Following the lead of Coco Chanel and other fashion mavens, American women of the mid-1920s also stopped protecting their skin from the sun and instead gloried in deep bronze suntans. A winter tan, in particular, became a prestigious status symbol, indicating that the possessor had both the money and the time to vacation in sunny locations such as California, Florida, or even Italy. Those without much disposable income often had to settle for self-tanning liquids and powders that claimed to achieve the effect of a natural suntan. (1)
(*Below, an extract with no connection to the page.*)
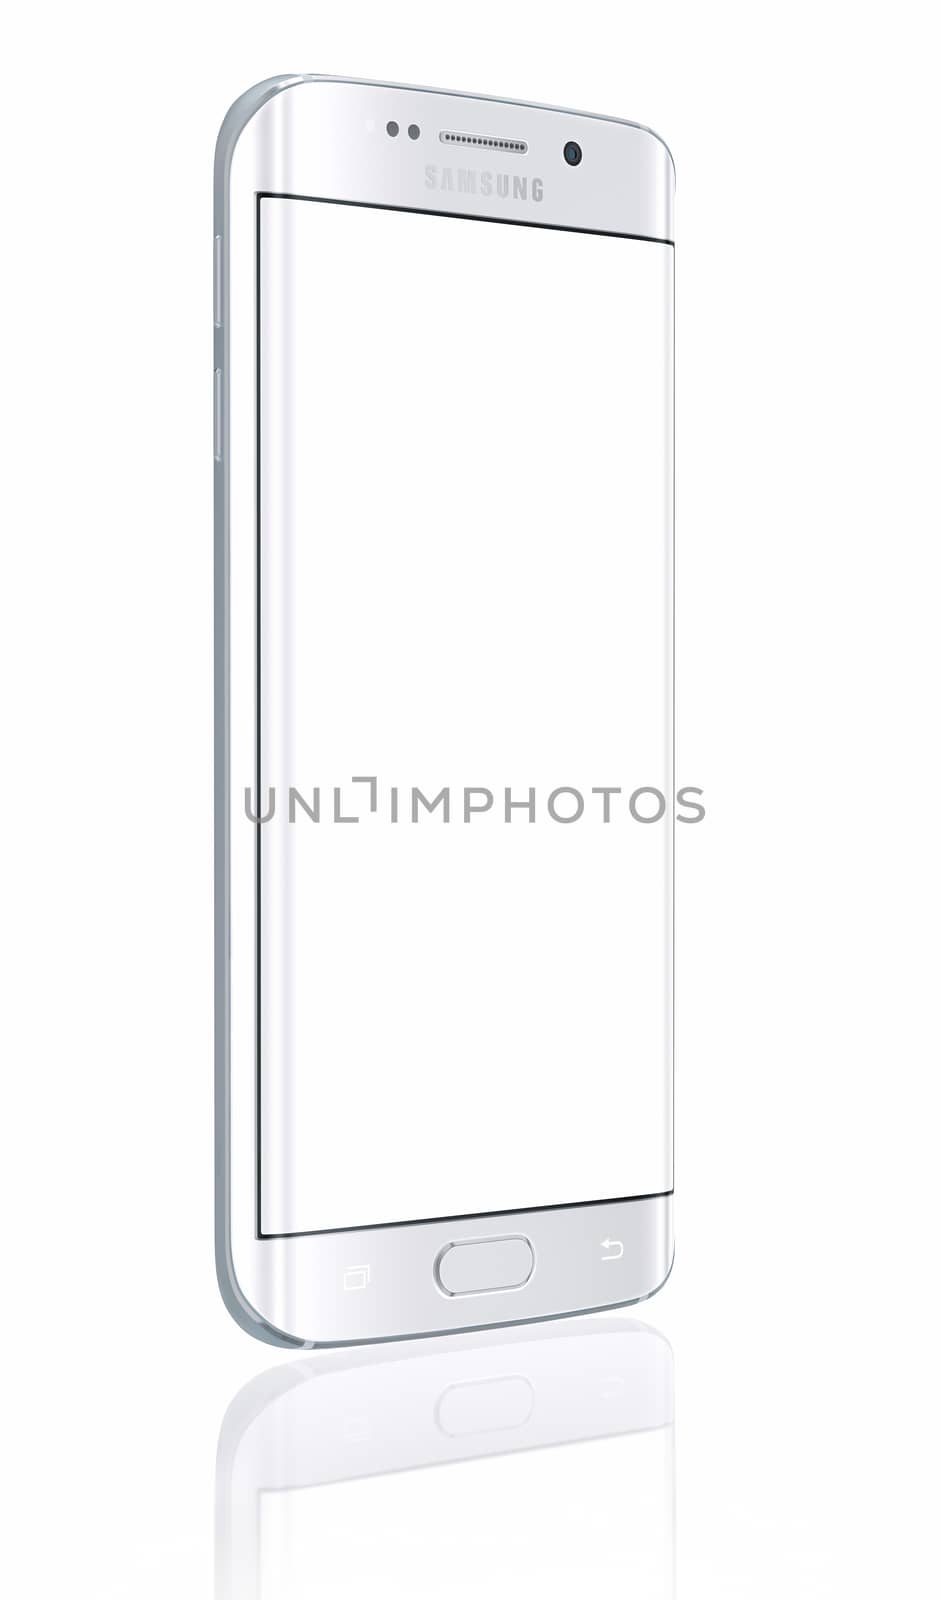 Samsung Galaxy S6 Edge with blank screen by manaemedia

Not all women, however desired a dark skin. Some African-American women spent a great deal of time and money attempting to lighten their skin so it more closely resembled a white complexion. Hundreds of bleaching lotions and other whitening potions were marketed in beauty shops, drugstores, newspapers, magazines, and mail-order catalogues. (1)
Advertisements for products with suggestive names such as “Black-No-More”, “Fair-Plex Ointment”, and “Cocotone Skin Whitener”, promised (or at least implied) that, with repeated applications, African-American women would be rewarded with an attractive, pale skin tone. (1)
Not surprisingly, the very idea of skin whiteners sparked intense controversies in African-American communities. While many women, particularly light-complexioned African Americans, bought these oinments and believed the advertisers’ false claims, others spurned these products and vehemently rejected the notion that lightning one’s skin was either desirable or possible. (1)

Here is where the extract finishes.